19/02/2012

Reabilitar as cidades, sim. Mas reabilitar tudo, custe o que custar, não!

in Público Imobiliário, 15 Fev 2012.Por José A. Rio Fernandes (Geógrafo / FLUP / CEGOT)

No tempo que vivemos, o olhar que temos sobre as cidades está necessariamente orientado pela perspetiva económica, já que se espera que a cidade participe no esfoço nacional de diminuir custos e promover competitividade. Neste contexto, o futuro da cidade parece depender mais que nunca do valor económico que formos capazes de extrair do facto de vivermos juntos em espaços restritos. Além da racionalização dos transportes e melhor gestão da mobilidade e da necessidade do planeamento por exemplo na correção de erros na localização do emprego e da oferta de bens e serviços, também se repensa o imobiliário, o qual agora aparece quase exclusivamente ligado à reabilitação e ao mercado de aluguer.

Todavia… se há mais oferta que procura, onde virá a procura para o que for reabilitado? E, se a procura está contraída pela diminuição do poder de compra, porque comprará alguém um prédio mais velho e mais caro? Ou a reabilitação garante espaço construído a menores custos? Estas e outras contas parecem estar por fazer, num quadro onde, é certo, nem sempre tudo pode ser definido pelo mercado e considerado apenas pela matemática, como a reabilitação da Torre de Belém ou da Torre dos Clérigos.
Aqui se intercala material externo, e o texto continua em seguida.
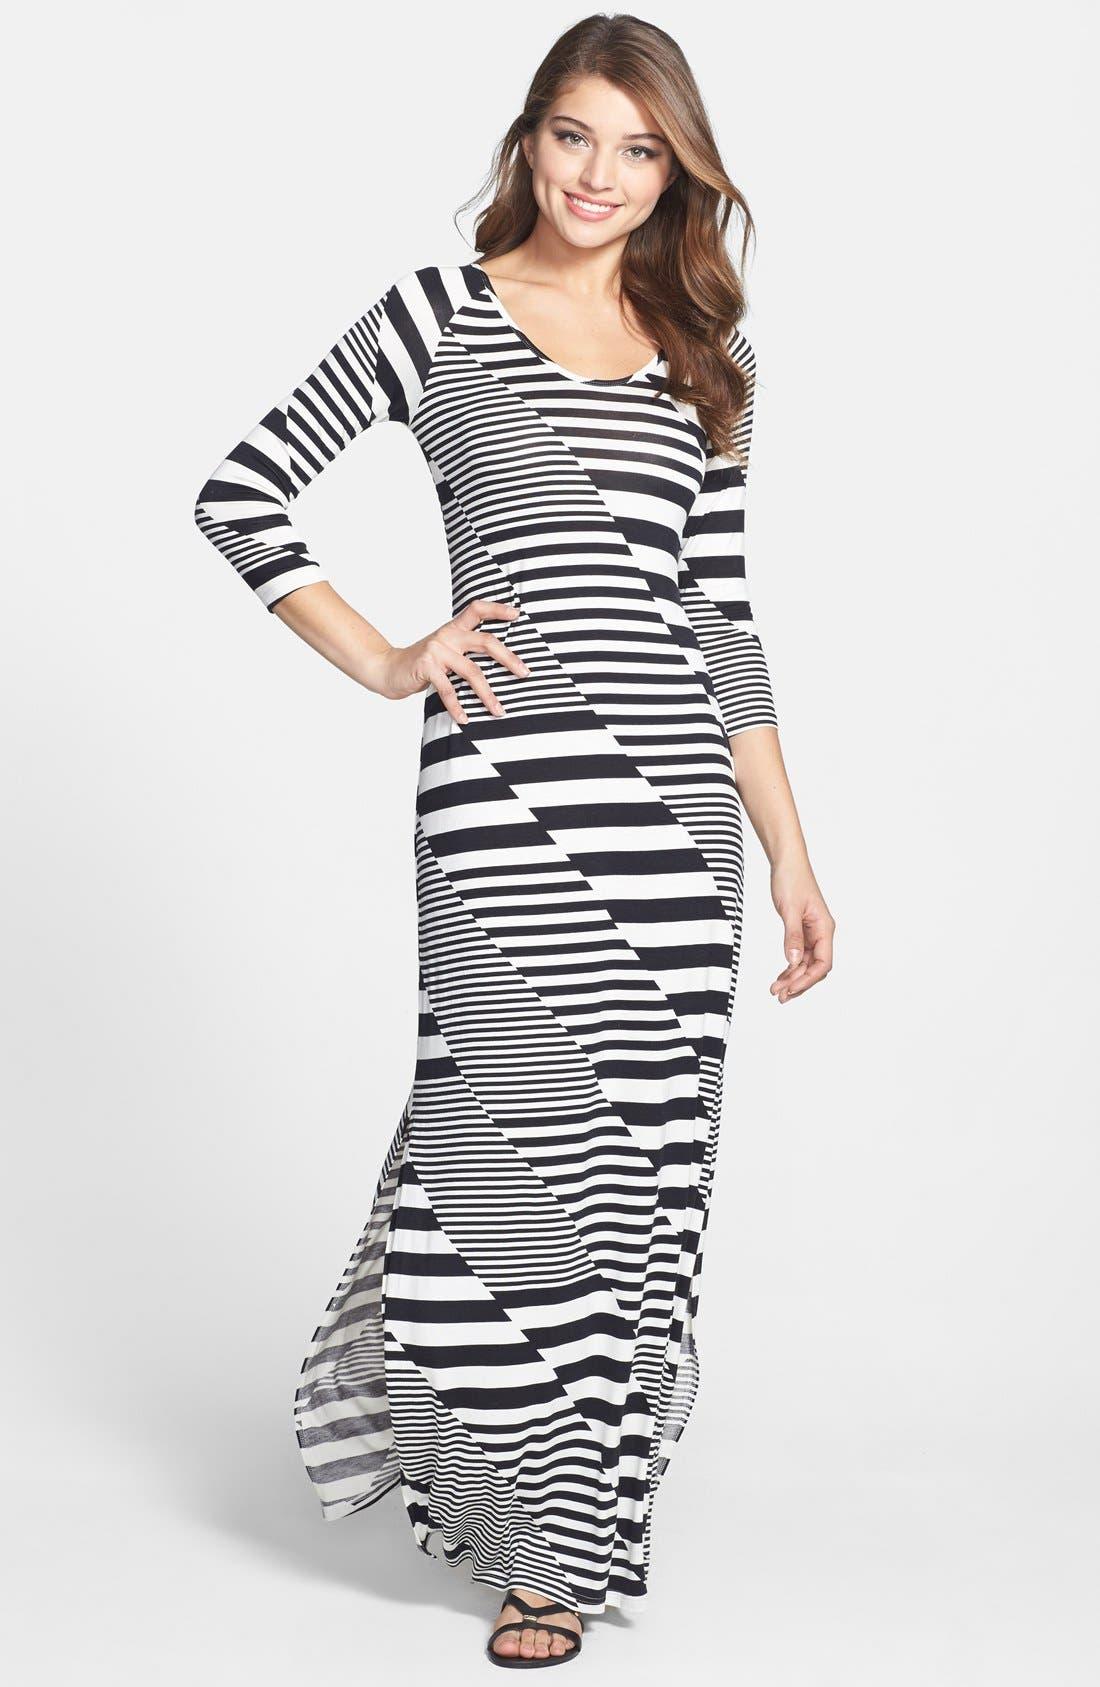 Alternate Image 1 Selected - Jessica Simpson 'Rowan' Stripe Maxi Dress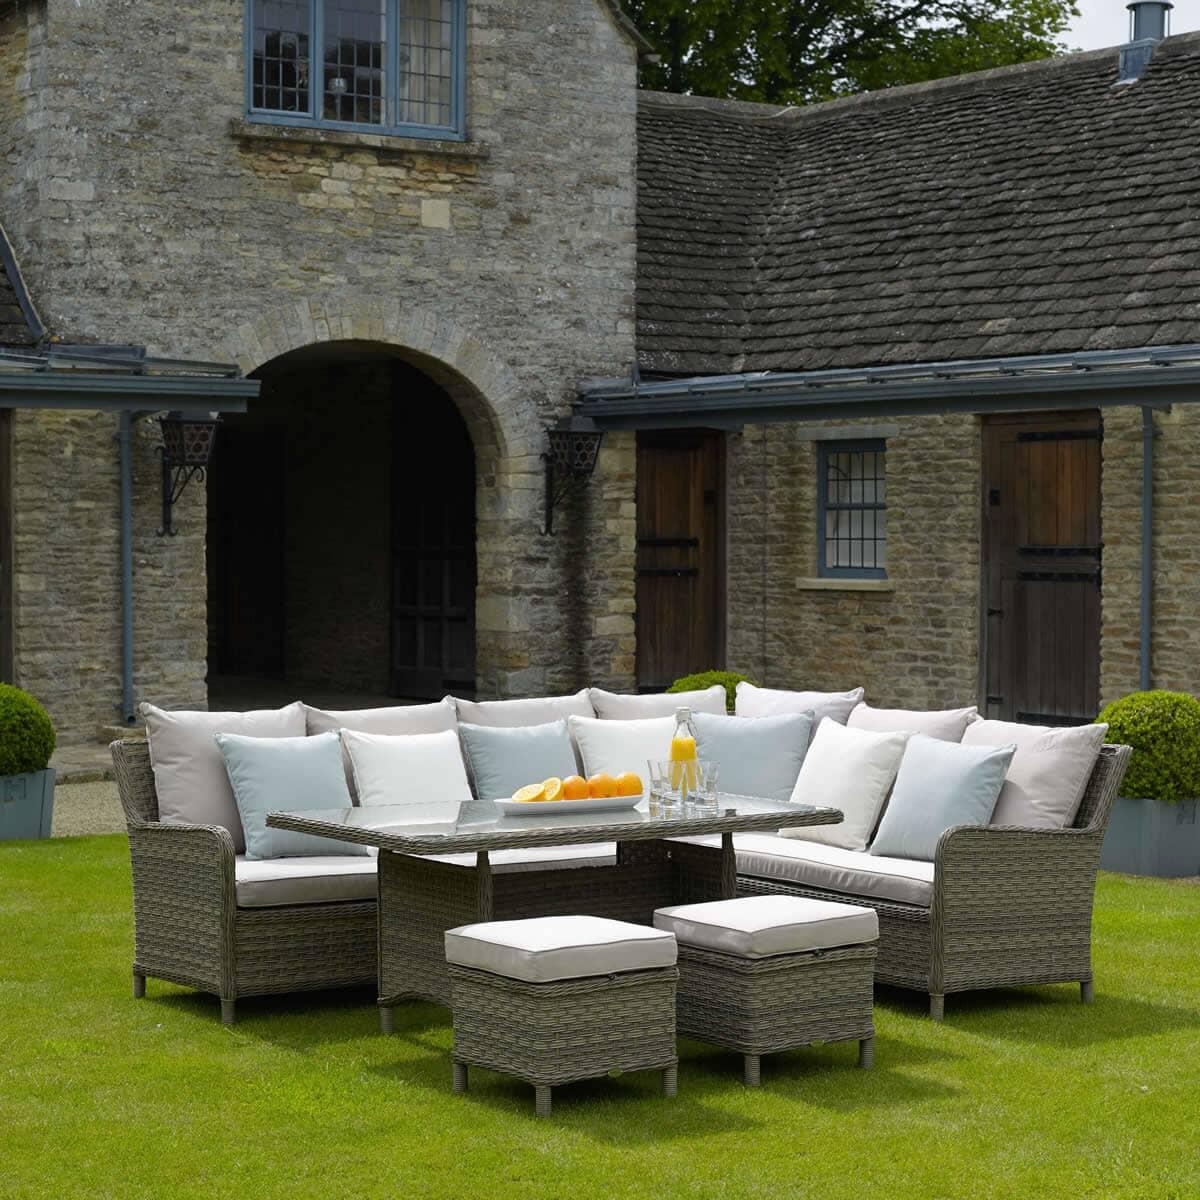 bramblecrest patagonia modular sofa casual dining set. Black Bedroom Furniture Sets. Home Design Ideas

Mas, depois do excesso de construção nas cidades e seu envolvente, como no periurbano e rurbano, não haverá agora um excesso de voluntarismo no tão falado “regresso à cidade”? E excesso de proteccionismo histórico? Quanto custa reabilitar a “cidade histórica” se forem feitas as contas a tudo o que é necessário em todos os prédios com mais de 100 anos de idade de todas as cidades portuguesas? Além disso, porque hão-de as pessoas de preferir viver em prédios antigos (e mais caros) que os que povoam as nossas periferias?

Sabemos que a proximidade das casas face aos empregos e às necessidades do dia-a-dia trás vantagens, desde logo nos custos e tempos de deslocação. Nesse sentido, um mercado de aluguer activo é favorável, uma vez que pode facilitar que se consiga ter a casa junto ao emprego. Mas será que na proximidade haverá também escola para os nossos filhos e os bens e serviços de que necessitamos? E não é verdade que muito do emprego que existe hoje fica muito longe das velhas casas da “cidade histórica”? Portanto, a proximidade de casa, emprego e escola consegue-se mais facilmente na “cidade histórica” que na “outra cidade”? Dificilmente assim será, a menos que exista melhor planeamento e que acabem com as imposições sectorial (dos ministérios da Educação, da Saúde, do Ambiente,…) das suas decisões, sem consideração pela articulação espacial dos interesses locais e regionais.

Em todo o caso, reabilitação será um conceito essencial de política urbana para a racionalização de custos e competitividade das cidades, mas deverá ser cuidadosamente aplicado pelas famílias, empresas e Estado e ter por objecto quer nos prédios antigos da cidade velha, quer os mais recentes, da “outra cidade” onde vive a maioria de nós, portugueses. Porque é essencial que a reabilitação não seja confundida apenas com a transformação de velhos prédios para hotéis ou residentes de elevado poder de compra, antes se devendo favorecer as acções de baixo custo, capazes de responder a uma procura maior e mais alargada, o que, associadamente a um mercado de aluguer a funcionar, é capaz de permitir uma maior mobilidade residencial.

É um desafio, novo para todos, este de pensar, viver e intervir na cidade em período de retracção da economia e de contenção de gastos (ou de empobrecimento), em que para o sector imobiliário a reabilitação e aluguer passam a ser centrais por acelerada substituição da construção nova para aquisição. Talvez se possa aprender com o shrinking urbanism vivido por exemplo nas cidades da ex. Alemanha de Leste em contexto de diminuição de população e talvez valha a pena pensar que não temos dinheiro para reabilitar tudo, donde a necessidade de definir prioridades, associadas seja à localização dos imóveis, com prioridade aos “centros históricos” classificados, seja ao seu valor arquitectónico e simbólico, como sobretudo ao custo da reabilitação e a capacidade de encontrar arrendatário.